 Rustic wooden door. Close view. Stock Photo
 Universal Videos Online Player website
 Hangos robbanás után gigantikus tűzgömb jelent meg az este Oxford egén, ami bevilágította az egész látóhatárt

[Exercise aim]:
Transcribe the listing from start to finish, exactly as given.

[Response for this exercise]:
 Rustic wooden door. Close view. Stock Photo
 Universal Videos Online Player website
 Hangos robbanás után gigantikus tűzgömb jelent meg az este Oxford egén, ami bevilágította az egész látóhatárt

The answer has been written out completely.